Нет, не физическим уродством, а моральным. Начхать большинству в группе было на светлые идеи Петруза. Никифра в акциях больше всего интересовала экспроприированная сумма, на которую можно было безбедно существовать; Технаря, как сейчас он понимал, - не само оружие, а его действие, возможность с его помощью взорвать что-либо, разрушить, разнести в клочья; Костан упивался своей властью над чужими судьбами, и, единственное, что огорчало его, так то, что власть была тайной; а Андрик был просто патологическим убийцей. Пожалуй, один Жолис следовал за Петрузом по идейным соображениям. Но он тоже был озлобившимся функционером, не видящим других методов кроме террора.
Приходя в себя, Таксон Тей видел у своей постели сменявшиеся как в калейдоскопе лица санитаров, врачей, центуров. На вопросы он не отвечал, но сам от них постепенно "узнал", что Никифр и Жолис погибли через полчаса после осады котельной, подорвав себя в гараже Жолиса вместе с нарядом центуров. Сашан был убит на следующий день в перестрелке на площади Свободы, когда его случайно опознал кто-то из сослуживцев отца. Остальные ушли. Полученные из чужих голов сведения доставили Таксону Тею смешанное чувство горечи и облегчения. Горечи, что трое его бывших соратников погибли, облегчения, что остальные всё-таки живы. И жив Петруз, а уж он-то не заляжет в берлогу, не утихомирится, а будет продолжать борьбу, пусть и неприемлемыми теперь для Таксона Тея методами. И это последнее вызвало у Таксона Тея чувство боли за этот застуженный холодом разобщённости мир, мир озлоблённых одиночек, живущих сегодняшним днём, только своими идеями; декларирующих, что они борются за новый мир, а на самом деле просто ненавидящих этот, потому и берущих в руки оружие. Как же достичь нового мира они не знают. Как будто стоит только уничтожить всю мразь, и новый мир появится сам собой. Но самое страшное, болью свербевшее душу Таксона Тея, было то, что и он сам не знал, как построить такой мир без насилия.
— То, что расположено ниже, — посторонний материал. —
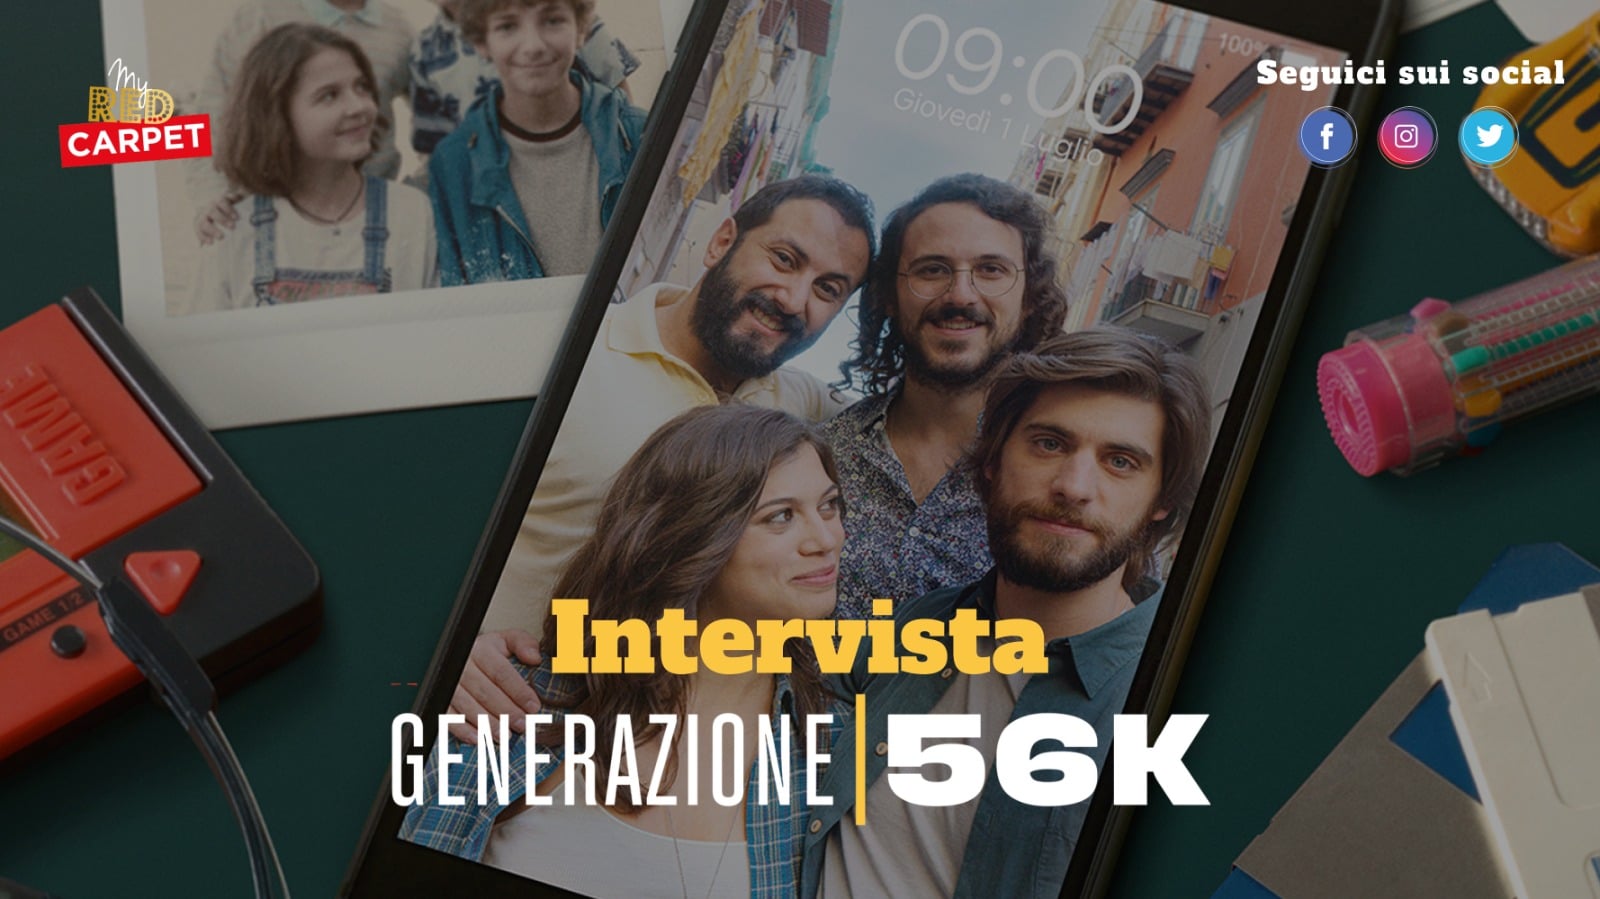 Generazione 56K - Intervista ai protagonisti Angelo Spagnoletti e Cristina Cappelli

На пятый день его вынесли на носилках из лечебницы, перевезли в крытой, чадящей древесной гарью машине на вокзал, и погрузили в тюремный вагон, стоявший в тупике. И только здесь Таксон Тей окончательно пришёл в себя. Восстановление тела закончилось, он ощущал себя разбитым, слабым, но вполне здоровым.
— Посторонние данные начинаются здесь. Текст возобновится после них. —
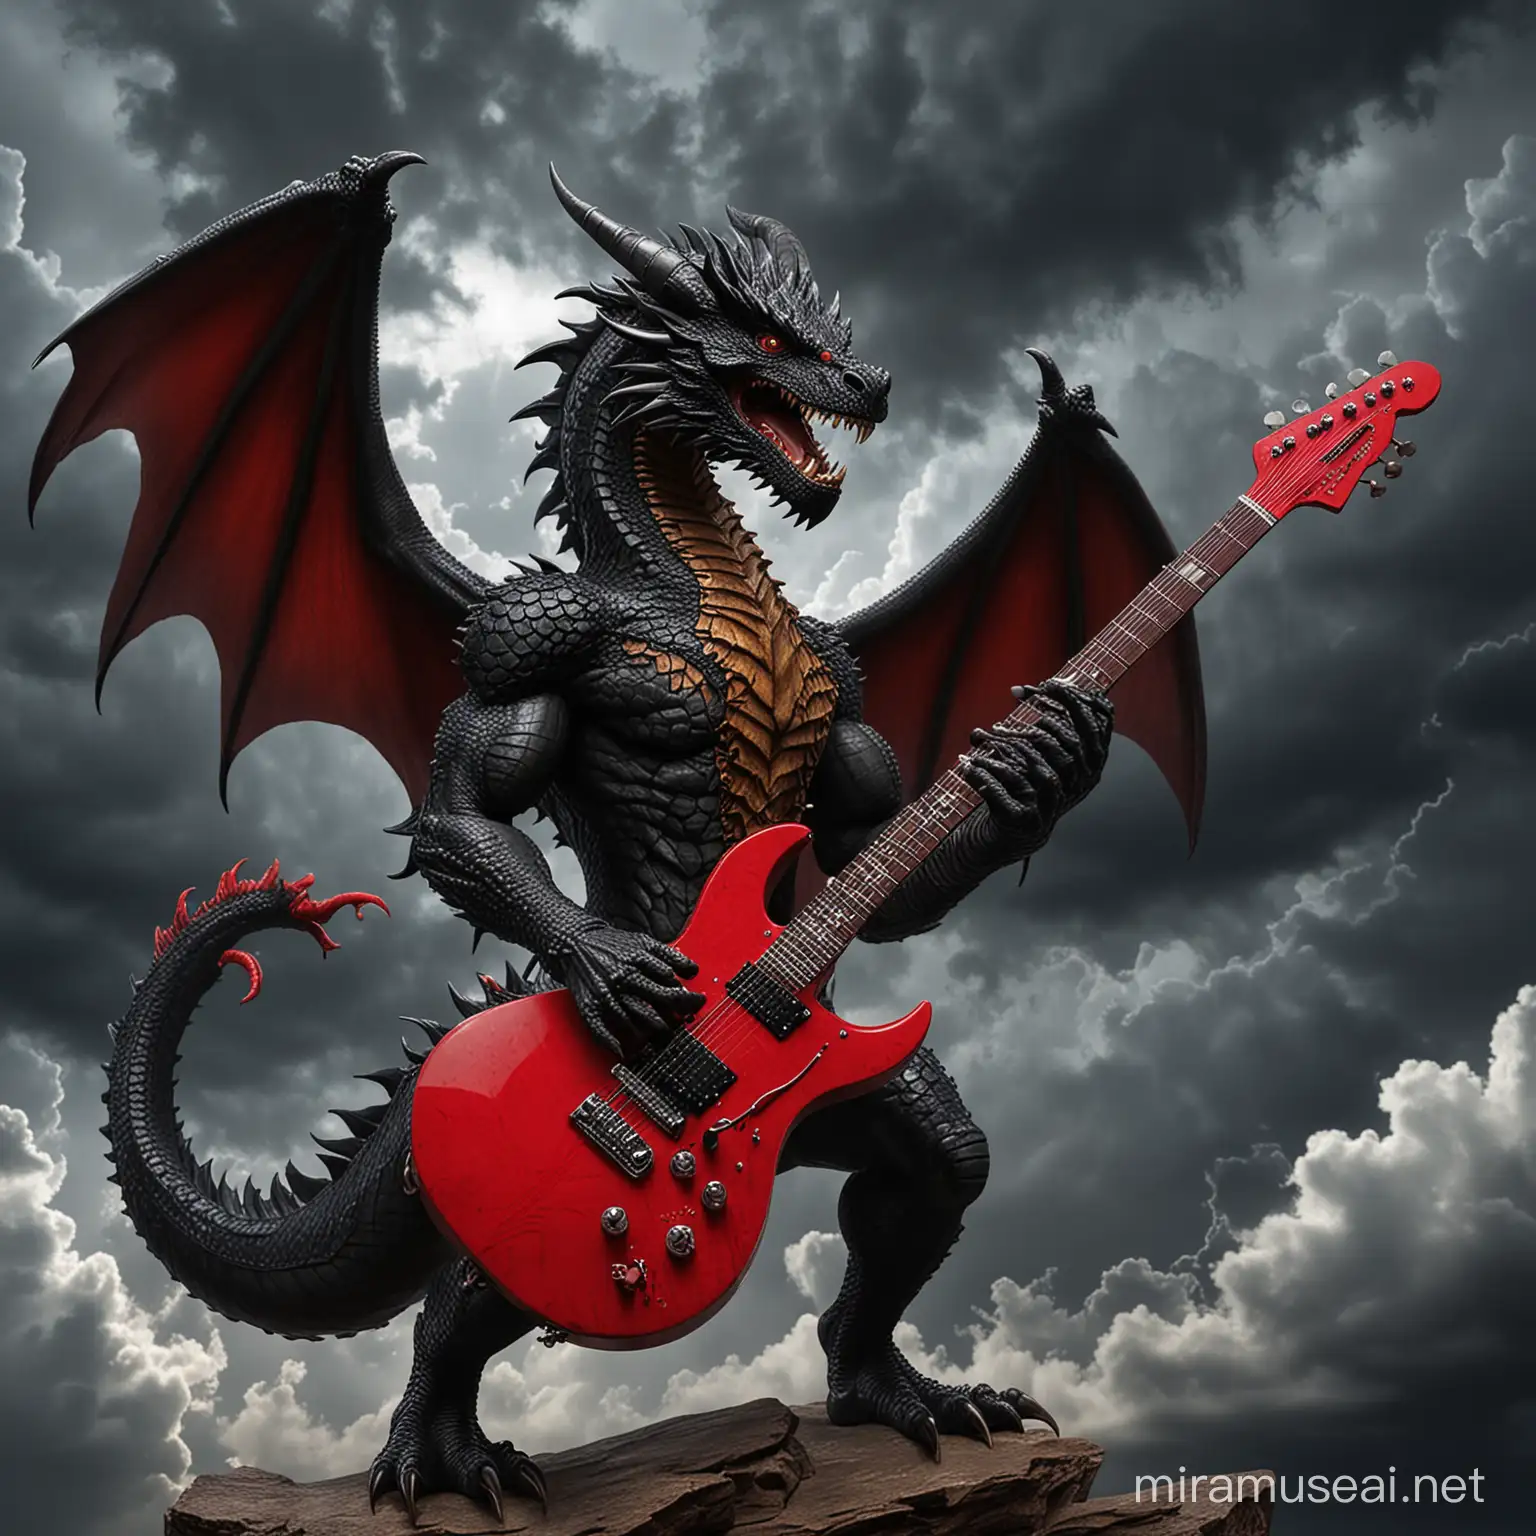 dragón negro tocando una guitarra eléctrica roja de puntas, con un fondo de tormenta

Вагон вздрогнул и тихо покатил по рельсам. Таксон Тей "увидел", как маневровый паровоз вытащил его из тупика и прицепил к составу столичного поезда. Поднатужившись, Таксон Тей с трудом сел на нарах. Голова закружилась, стало поташнивать. Конвойный, молодой прыщавый парень, сидевший на табурете возле тамбура, с любопытством наблюдал за ним сквозь решётчатые клетки пустых камер. Вероятно, он впервые сопровождал тюремный вагон с одним единственным заключённым.
- Дайте попить, - попросил Таксон Тей. Голоса своего он не узнал. Еле слышный шёпот, а не голос.
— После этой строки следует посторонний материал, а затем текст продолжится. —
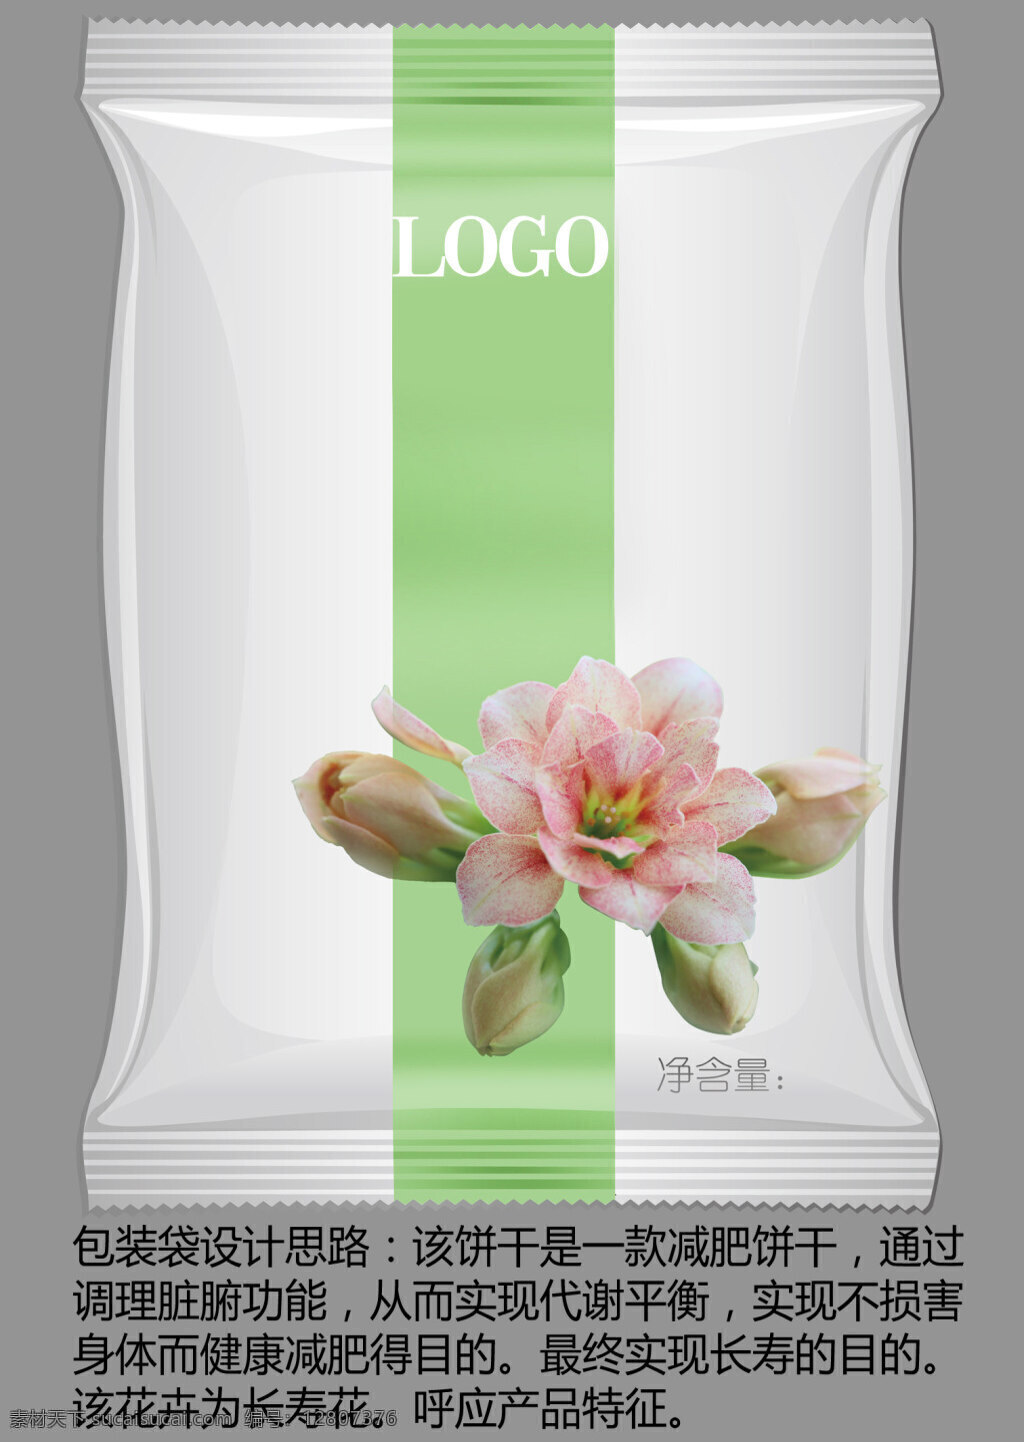 旨 脂 寿 包装袋 定稿 旨脂寿包装袋 ai格式 用于 包装 带 减肥产品 保健食品 应用 小清 新包 装袋

- Не положено, - неожиданным басом произнёс конвойный. И ухмыльнулся.
Дверь тамбура распахнулась, и в вагон вошёл статс-лейнант Геннад. Конвойный вскочил. Геннад кивнул ему и направился к камере Таксона Тея.
- Вечер славный, - проговорил он. - Смотрю, дела у вас идут на поправку.
Таксон Тей прикрыл глаза.
- Дайте воды… - просипел он.
- Хорошо, - кивнул статс-лейнант. - Есть ещё какие-нибудь желания?
- И поесть…
- Конвойный! - окликнул Геннад. - Напоить и накормить!
- Сам с утра не жрамши… - пробасил конвойный.
Геннад рассвирепел.
- Начальника караула ко мне! - гаркнул он.
Конвойного как ветром сдуло. Через мгновение он появился в вагоне в сопровождении бравого срежанта в лихо заломленной фуражке.
- Господин статс-лейнант, - вытянулся тот в струнку перед Геннадом, осмелюсь доложить, но на заключённого довольствие не выписано.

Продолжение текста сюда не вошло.